Work order:
Word for word, restate the lines from the one containing "SRH新年春假公告_B-01.jpg" through the last line of the material, and include no pictures.
#### Information shown
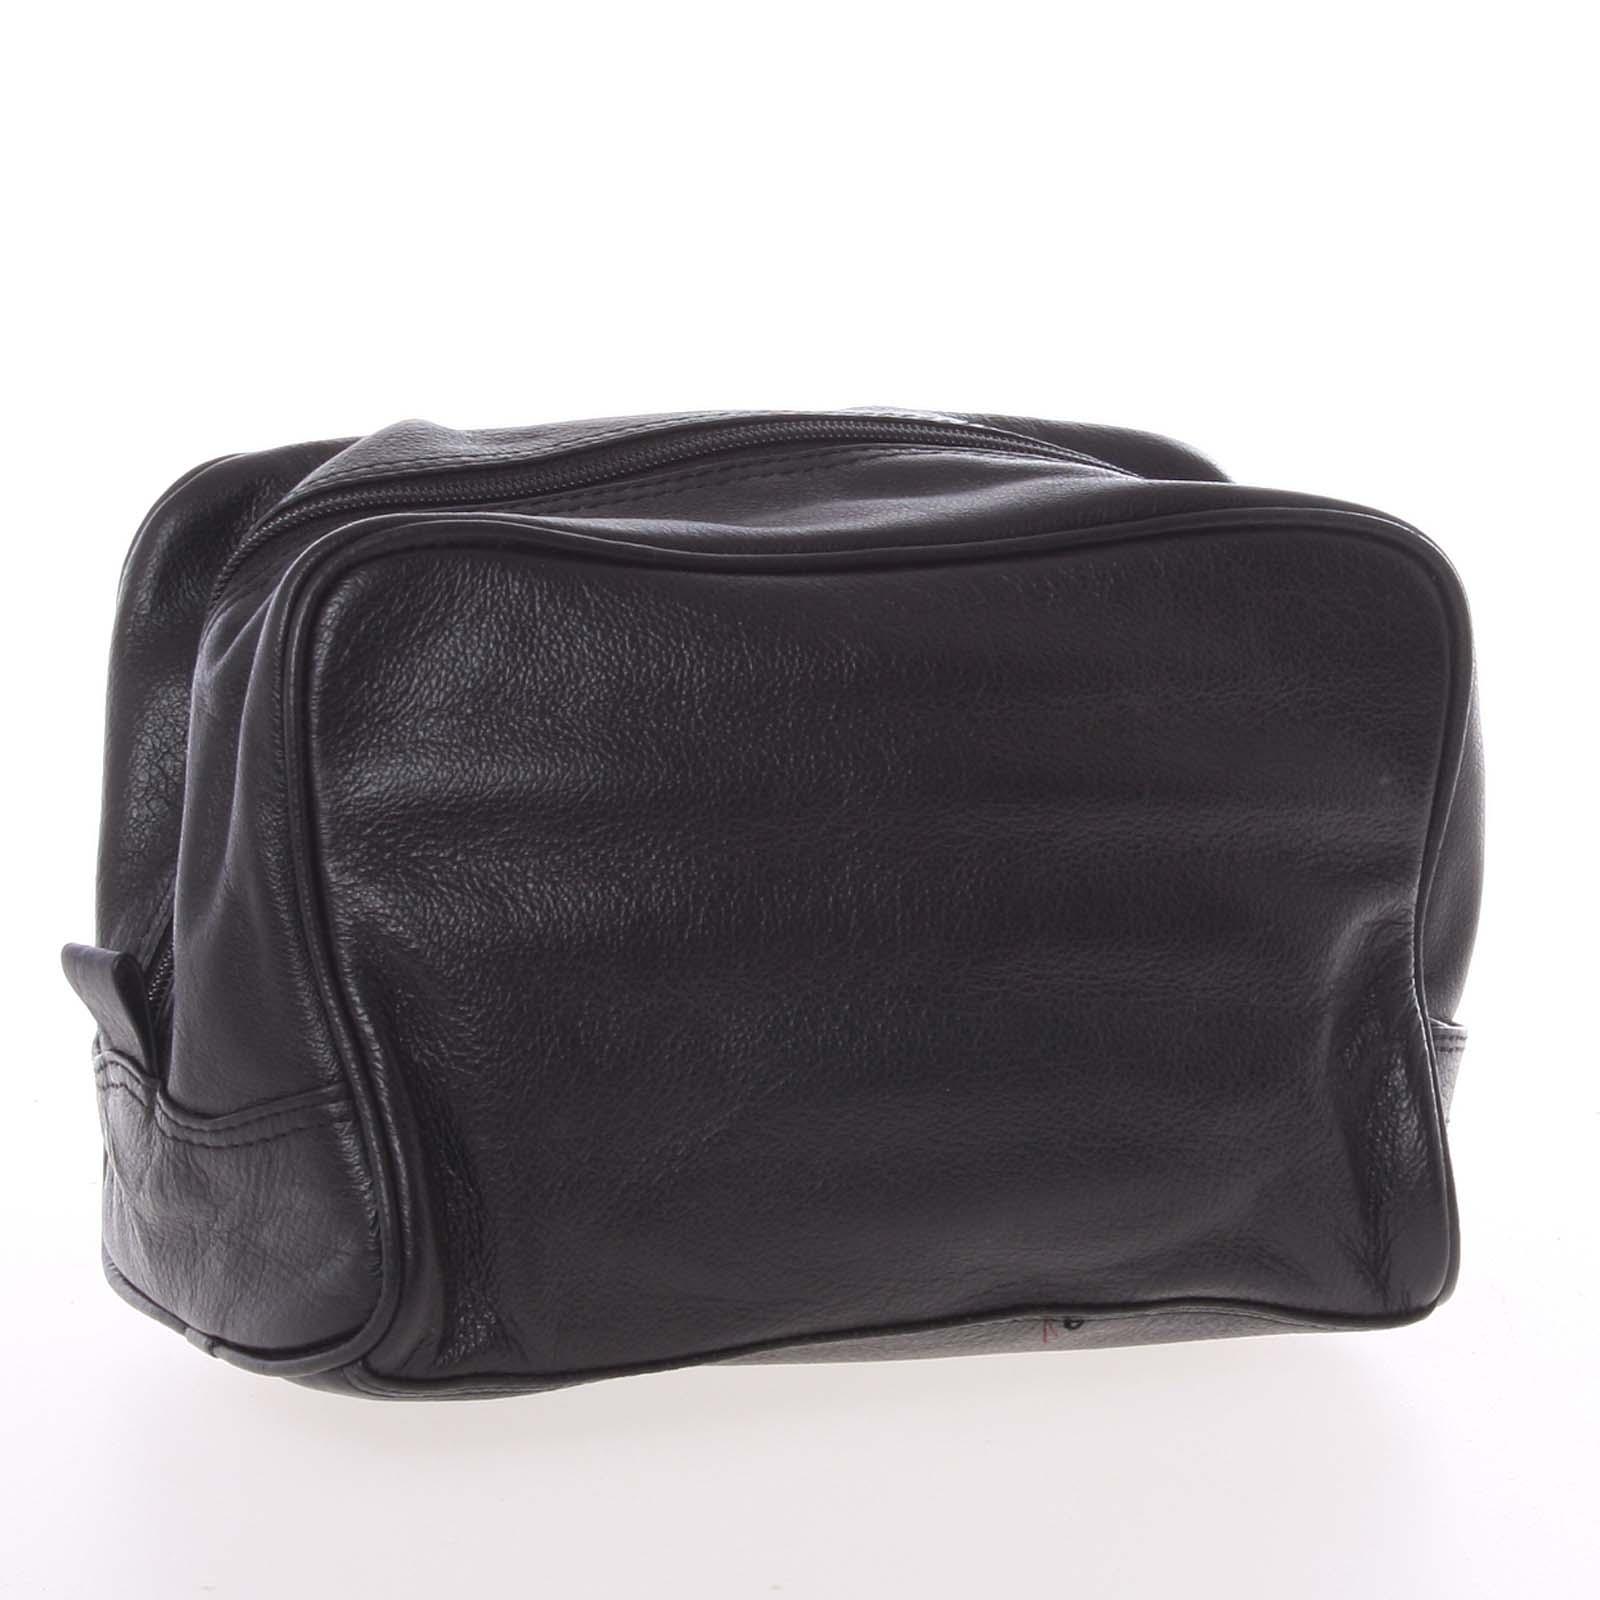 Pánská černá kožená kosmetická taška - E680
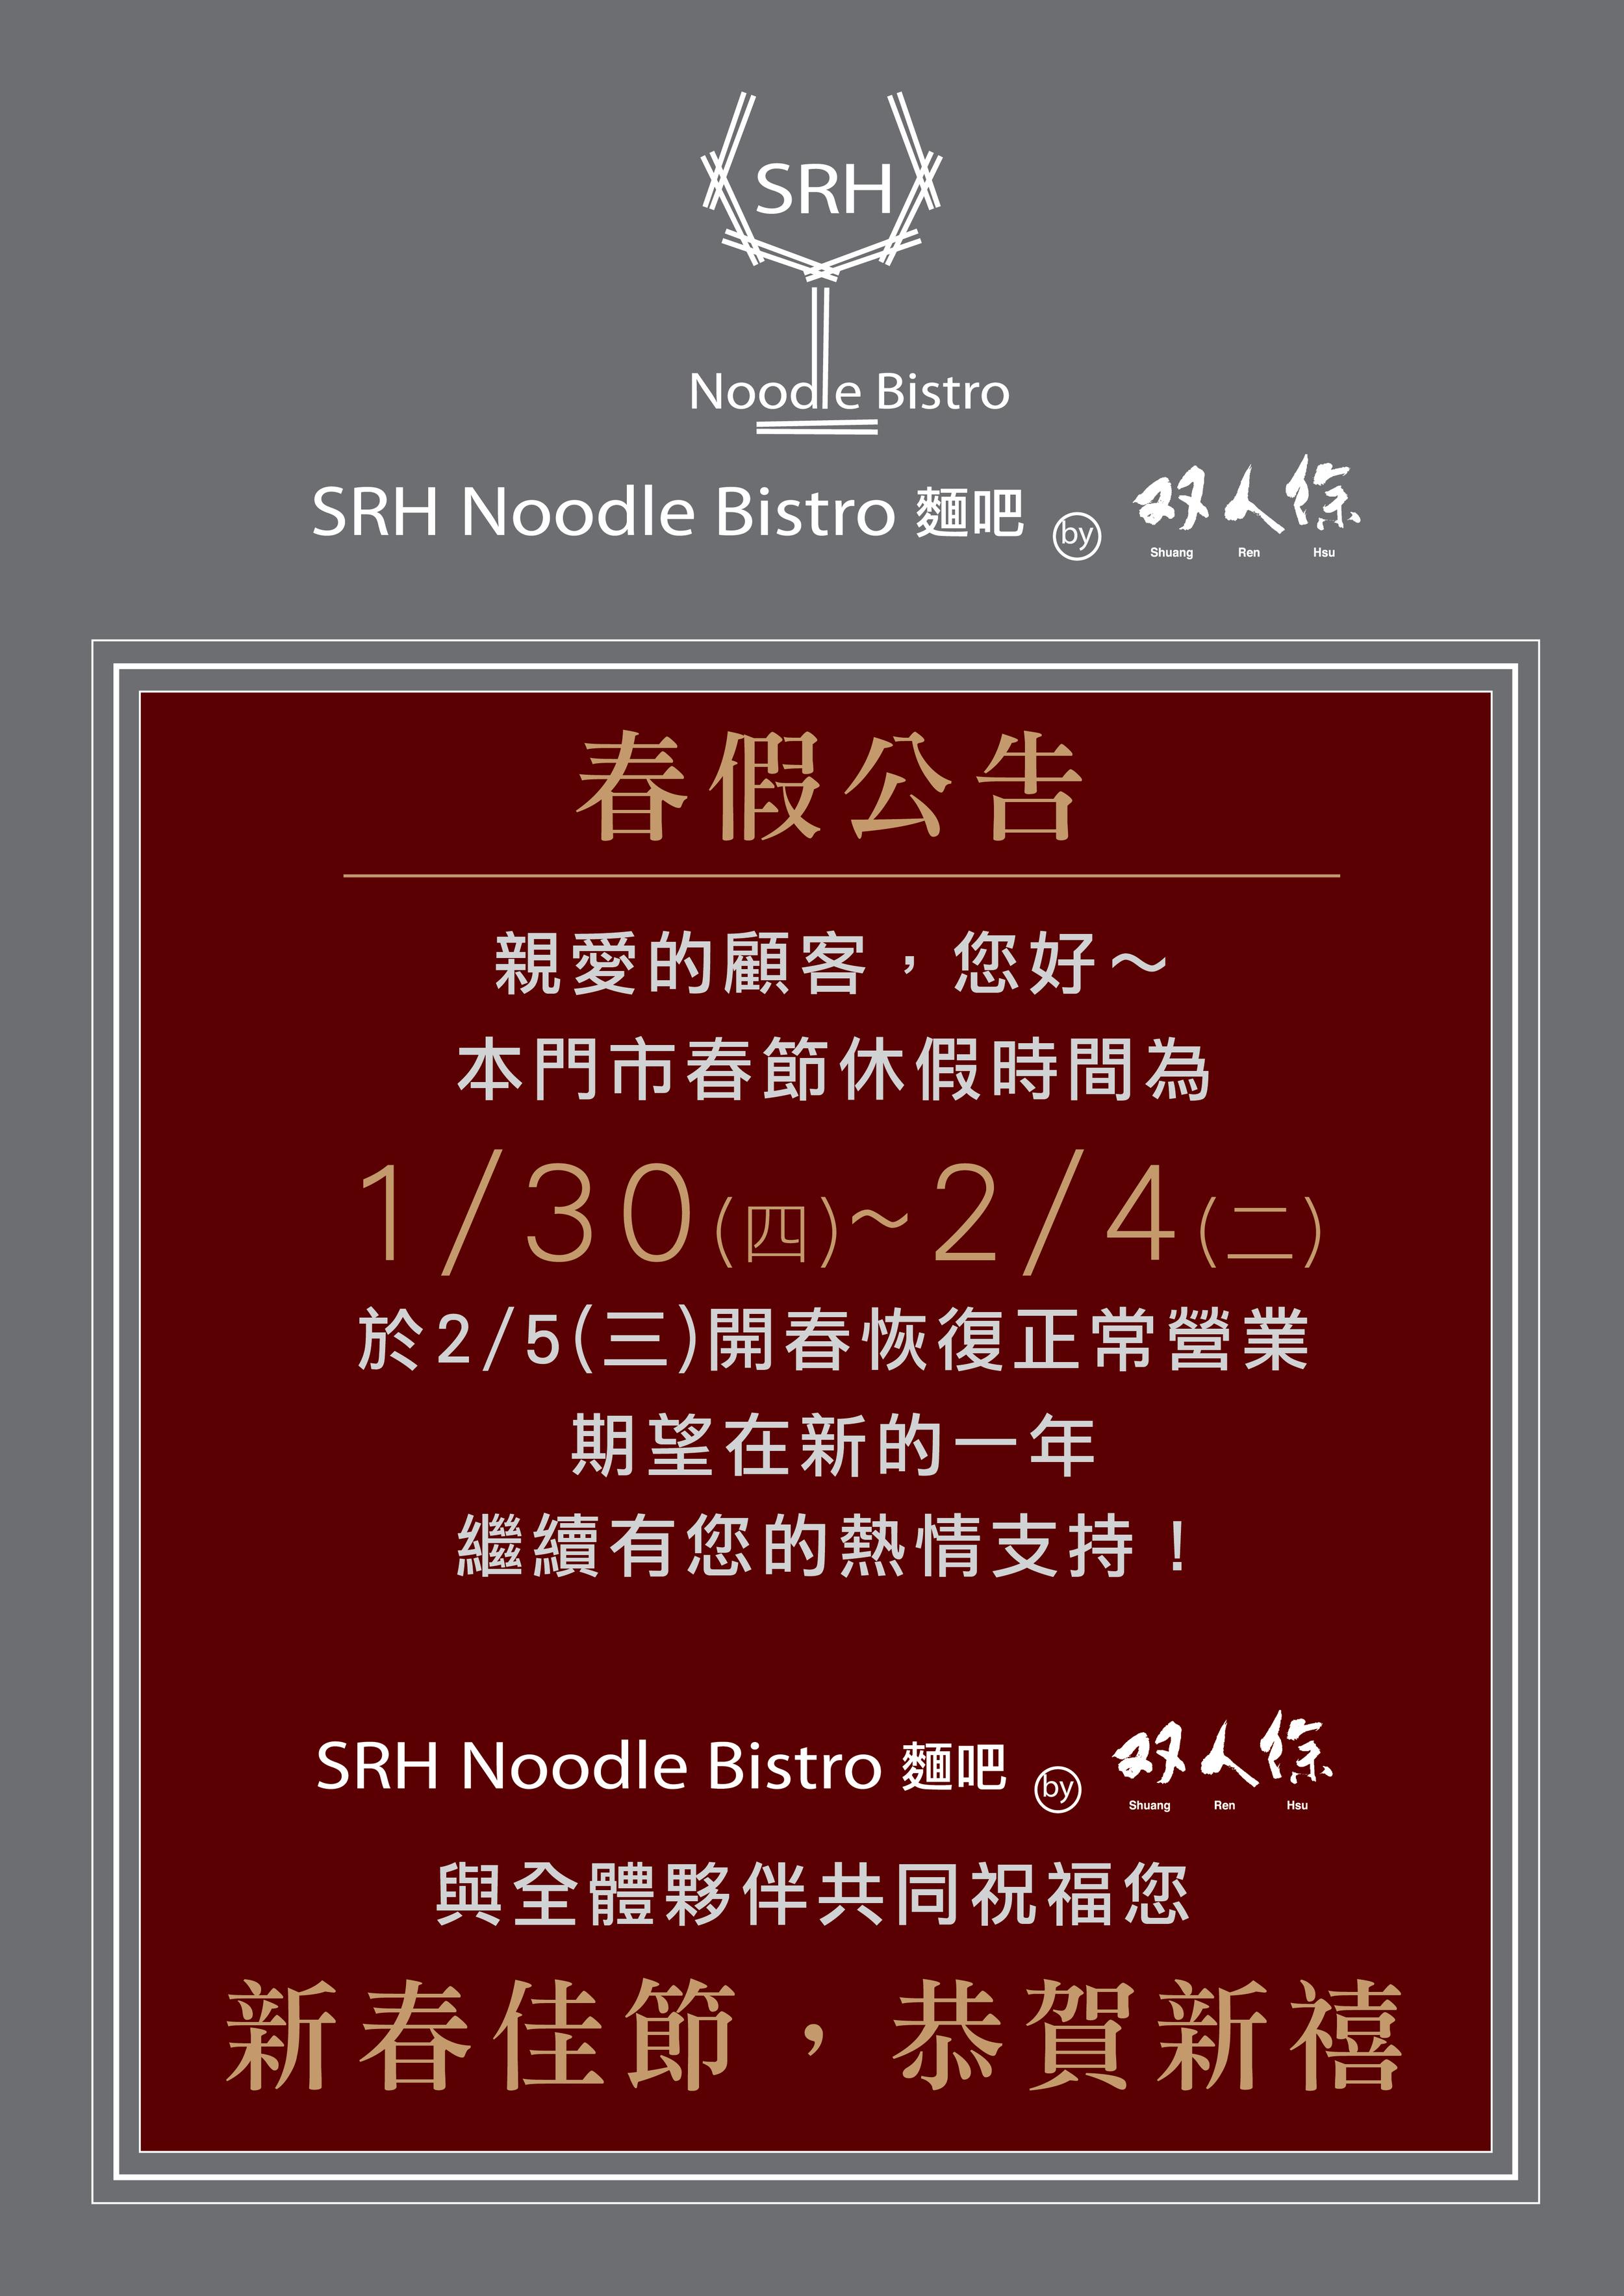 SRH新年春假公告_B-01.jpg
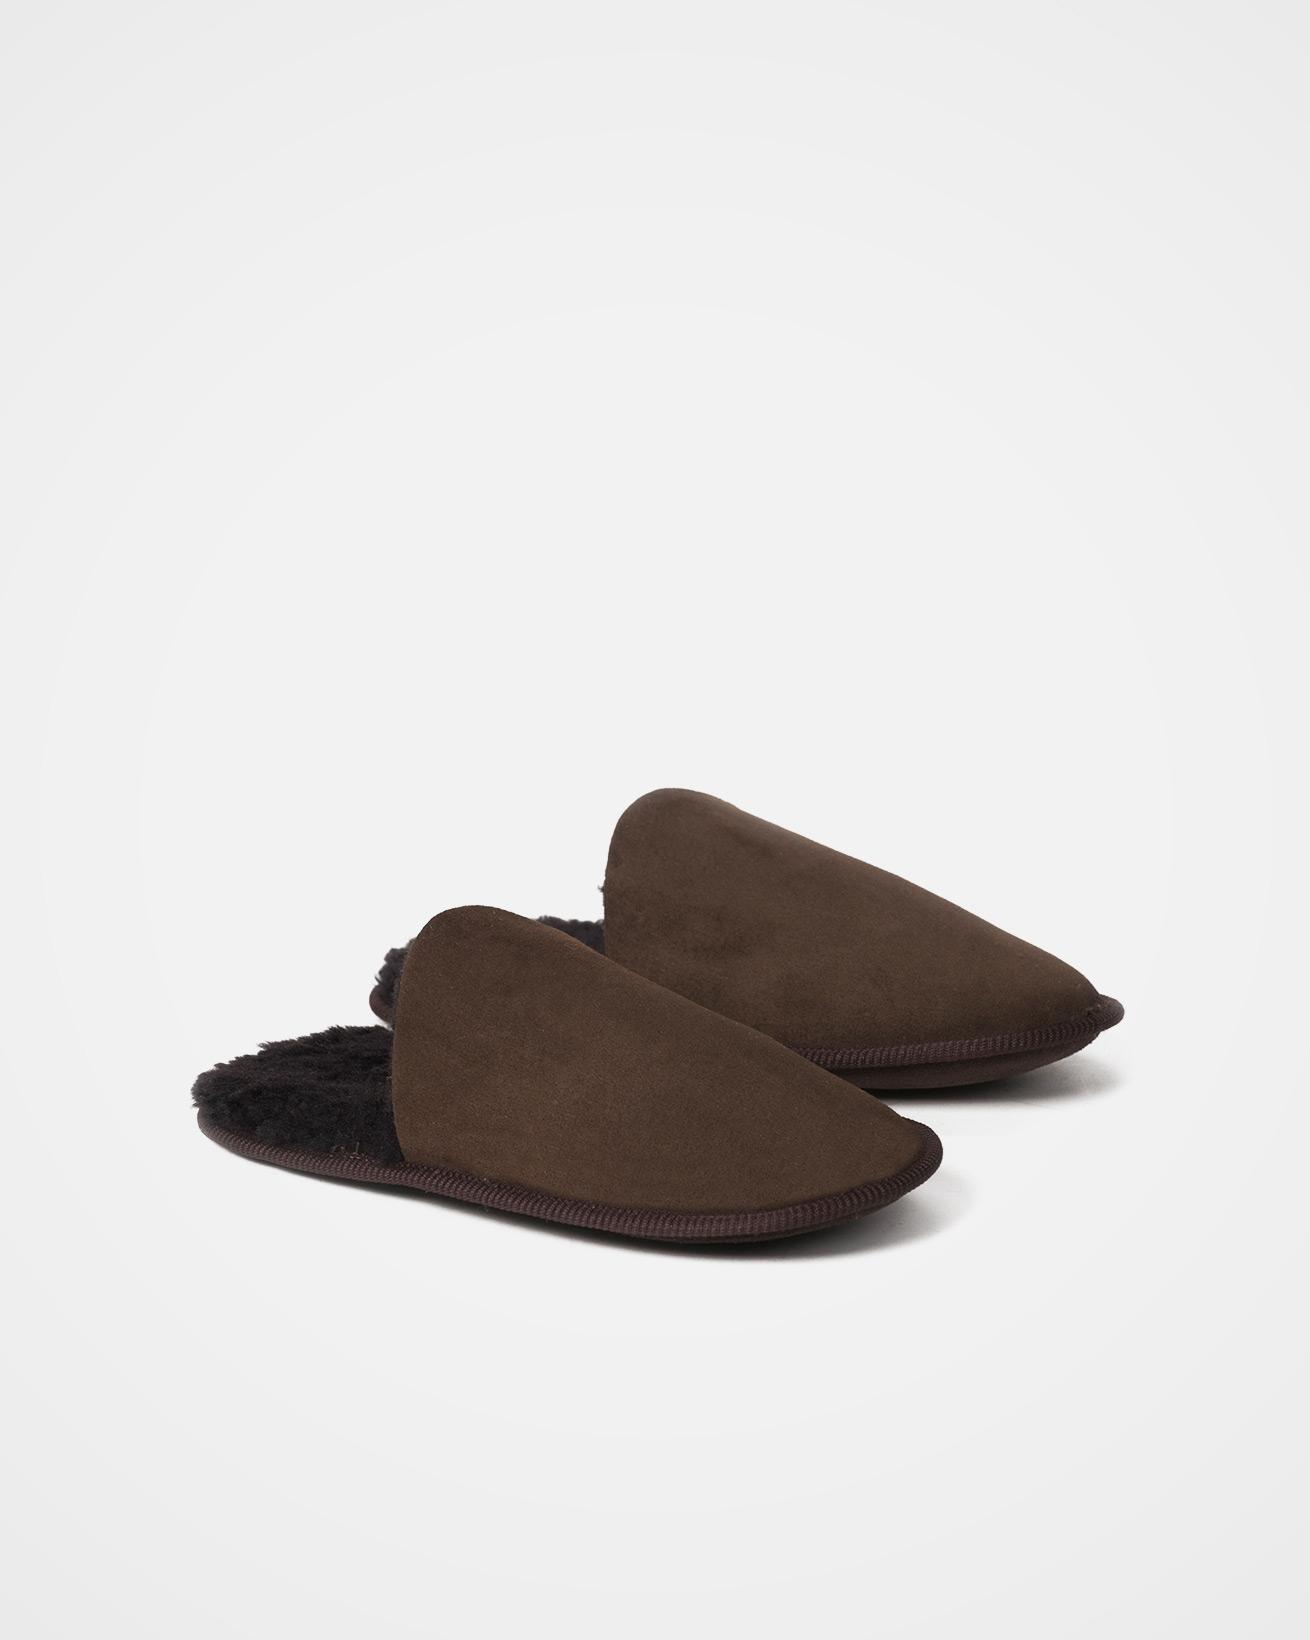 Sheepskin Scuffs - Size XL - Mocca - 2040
########
Exercise answer:
 SRH新年春假公告_B-01.jpg
 Sheepskin Scuffs - Size XL - Mocca - 2040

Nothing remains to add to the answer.